One of my favorite economists, Dan Ariely, tells this story about a locksmith. When the locksmith was new at his job, when he was an apprentice, he took a really long time to open a lock. And people saw him working away, struggling, really having a hard time. And often they'd end up giving him a tip. But then when locksmith got better at his job, when he got so good at his job he could open pretty much any lock in just a minute or two, then his customers started complaining. They were like, you want $200 for that? This took you, like, 30 seconds...

Maybe hard work is irrelevant. Maybe what should matter is what we create. Maybe companies should be measuring our output and not keeping track of our input. What would happen if you ran a company based on that idea? What would that look like?

The Scope of the Problem

Ask most teachers, and they will tell you: teaching requires long hours.

The BBC reports that in Britain, teachers work between 55.2-63.3 hours per week, a number that includes teaching time, in-school non-teaching work, and work that gets taken home. The Guardian more or less echoes this view, with teachers responding that they frequently work 8-10 hours a day, plus time during evenings and weekends. And the 2012 National Study on Balancing Work, Life and ­Caregiving in Canada: The Situation for Alberta Teachers makes the case that teachers in that province work an average of 60.8 hours per week, 10 hours more than the general population of professional workers.

Any teacher has probably heard many a humble-brag along these lines. The comment, “I spent my entire weekend marking…!” serves at once as a complaint, a brag, and a reinforcement of the narrative: good teachers work long hours.
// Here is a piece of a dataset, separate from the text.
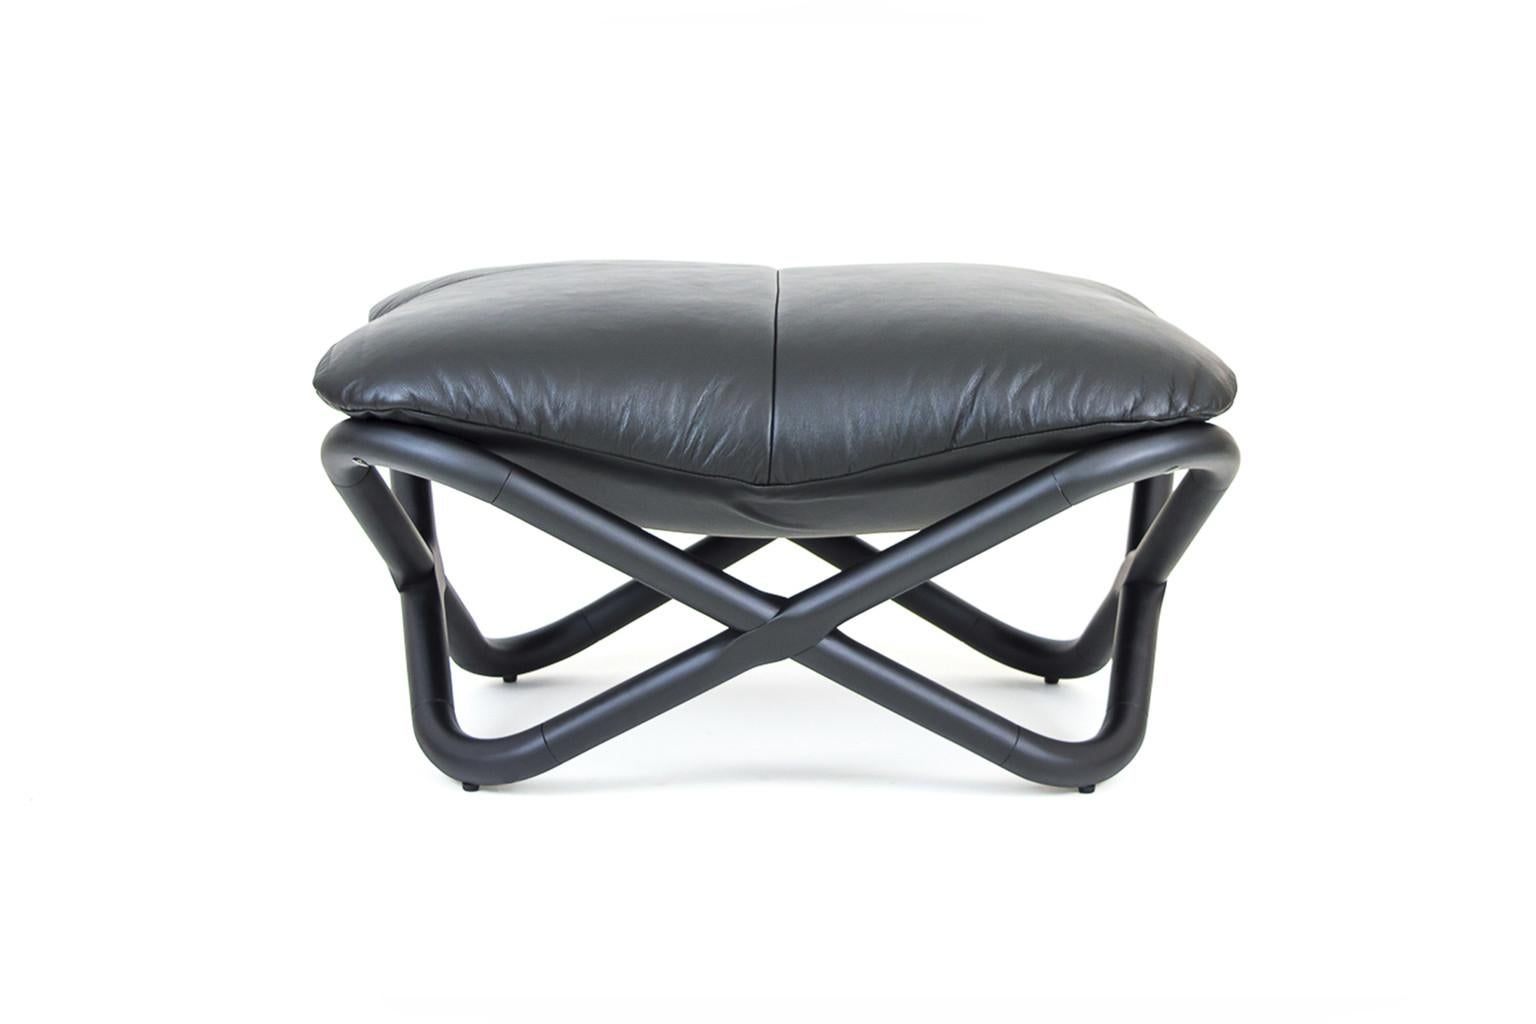 Astral Brazilian Contemporary Wood and Leather Easychair and Pouf by Lattoog In New Condition For Sale In Sao Paolo, BR

I can recall, early in my career, a senior leader of mine telling me that the only way to teach well is to “skip watching the late show”; if you had an evening to yourself, you couldn’t be a very effective teacher.


What’s to Be Done?

Planet Money offers an interesting, if cautionary, tale. They profile practices in the tech world where output can be measured, and tentatively conclude that the results of your work matter more than the time spent doing it. Sounds reasonable, but as I’ve argued before, in many fields - schooling one of them - it is hard to develop an easy measurable metric for the value of a teacher’s work.

That need not mean we abandon the notion of valuing teachers by their results entirely; there are lots of ways we can reward effectiveness and discourage merely “spending time.”


How? Three Humble Proposals:

  1. Let’s change the conversation in schools. Let’s reduce the number of times we praise faculty for merely being there, and find more and more interesting ways to reward the fruits of their labour.

  2. Speaking of which, let’s more towards a more evidence-based practice. We’re not going to be able to measure lots and lots of important aspects of a teacher’s day, but we can start looking for some. The challenge of measuring our effectiveness is central to any improvement regime we want to make. And data can come in lots of forms. Let’s think broadly about this important aspect of perpetual betterment.

  3. Let’s focus on what really matters. I’ve written before about the need for priorities in schooling. We too often think changing the carpet can achieve results. The problem: these less-than-effective-efforts all take time. Imagine we could simply stop doing some of the things that don’t matter much - how much time could we free up?

Teaching will always be a difficult job - what’s required is infinitely complex. But surely we can stop thinking that effective teachers are merely the ones who work longest, or who take home the biggest bags of marking.